Write in front of the crap:
Well, I have to say Fish C markdown Text editor is very good, full-featured. Again thanks to the little turtle Brother's python video Let me last year in the next semester of the introduction of programming, fell in love with the programming of the language, because it is biased statistics, after the internship decided to put the direction of data mining, more and more found the importance of specialized courses. In the days when everyone was busy attending various training sessions, I finished reading the turtle Brother's Python video in the cold winter of last year. Now, in the days when others desperately participate in school recruitment, I came to learn the "machine learning" inside the algorithm (PS: Engineering school Science sister said it is difficult to find data analysis work , only a graduate student). OK, I will not superstitious, just opened a continuous two months of Professor Ng's Coursera above the "Machine learning" course (inside the assignment is very simple, using MATLAB to complete), just the laboratory purchase a "machine learning combat", also take to practice practiced hand, Let your own python step by step, before a variety of web background toss, especially reptiles, but I do not want to help others crawl data, I want to analyze data, mining potential information, the program is a tool, master the business trend is the King!

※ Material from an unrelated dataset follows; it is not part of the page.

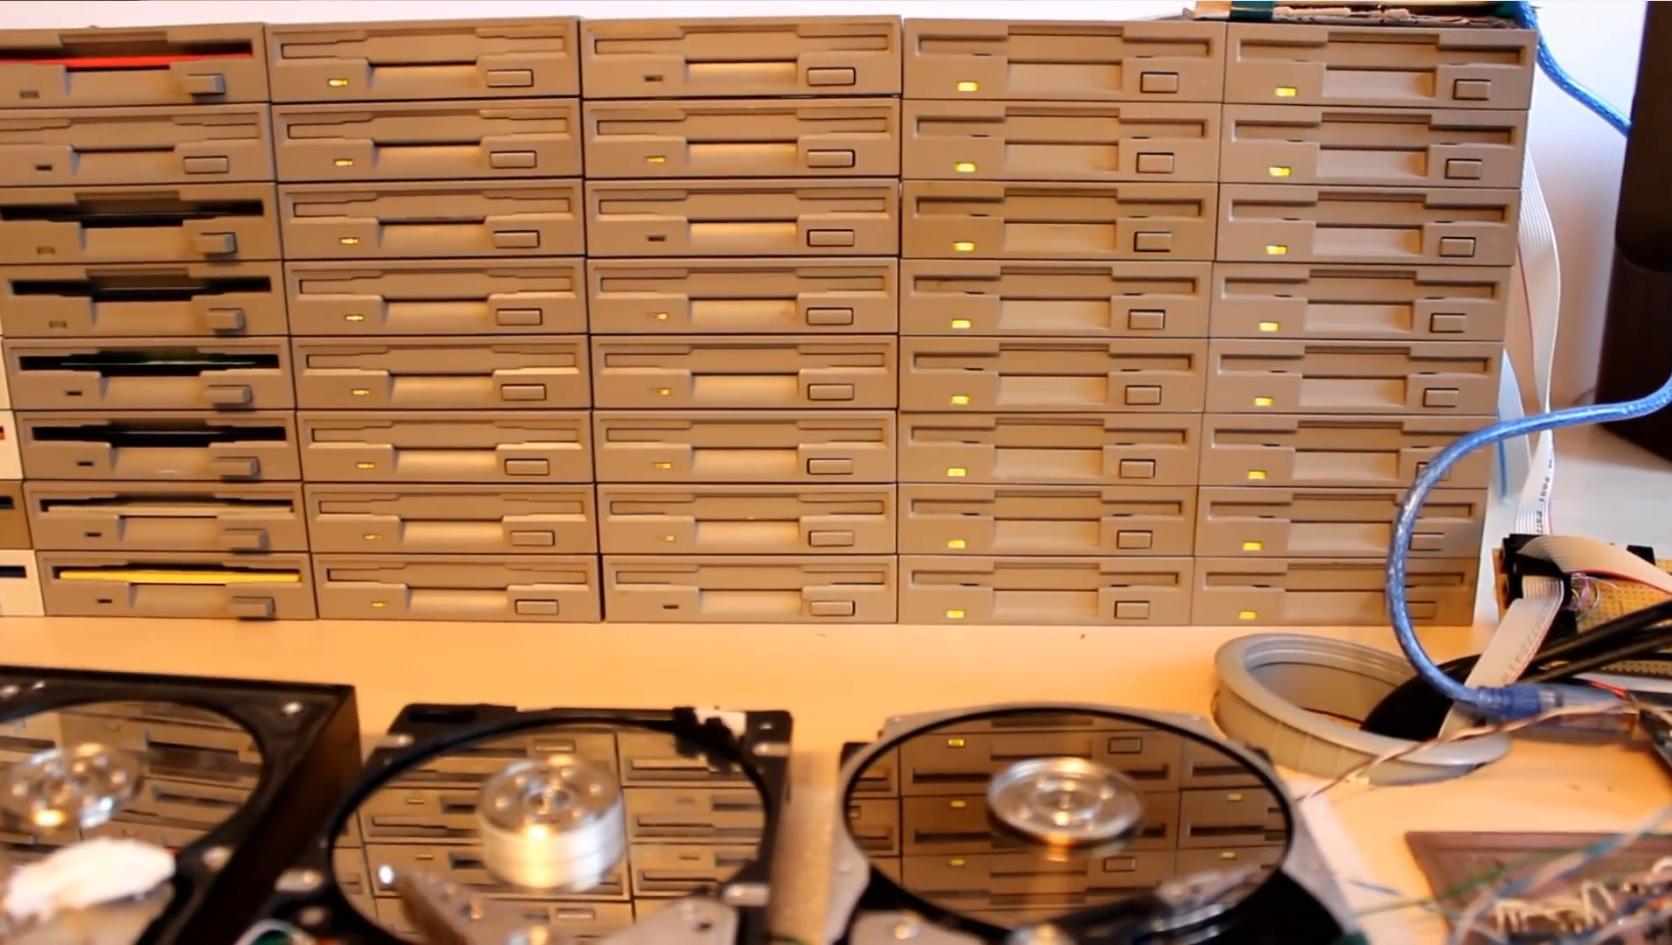 Floppy-Konzert: Imperial March mit Diskettenlaufwerken

No nonsense, the next series of notes are my coursera above the understanding, according to their handwriting and "machine learning Combat" The Code of the book, I hope I can not get used to the update blog this thing to stick it down. Come on!
Body:
In the past two years, many people have heard of "big Data", and machine learning is quietly entering the field of data mining. Of course, foreign data mining is very mature, the scope of machine algorithm application is more extensive, including: Network search, mail classification, robotics, Biology and medicine research and so on.
Here are a few specific examples:
- Website data: You can understand the popularity of the product according to the website's click data;
- Medical data: According to the medical records to understand the patient's condition to facilitate diagnosis;
- Biological aspects: For example, gene DNA sequences can be used to study some traits of human beings and even genetic information;
- Engineering field: Guidance UAV autonomous operation, handwriting font recognition, NLP (Natural Language processing commonly known as "natural Language Processing"), as well as computer vision;
- Recommendation system: Amazon's product Recommendation system (this may seem to be divided into the site data).
So long-winded so much, what is machine learning?
There are two kinds of definitions here:
- Popular point: Research allows the machine to have the same learning ability, the ability is not fixed programming implementation or operation, belongs to the machine itself a self-learning behavior.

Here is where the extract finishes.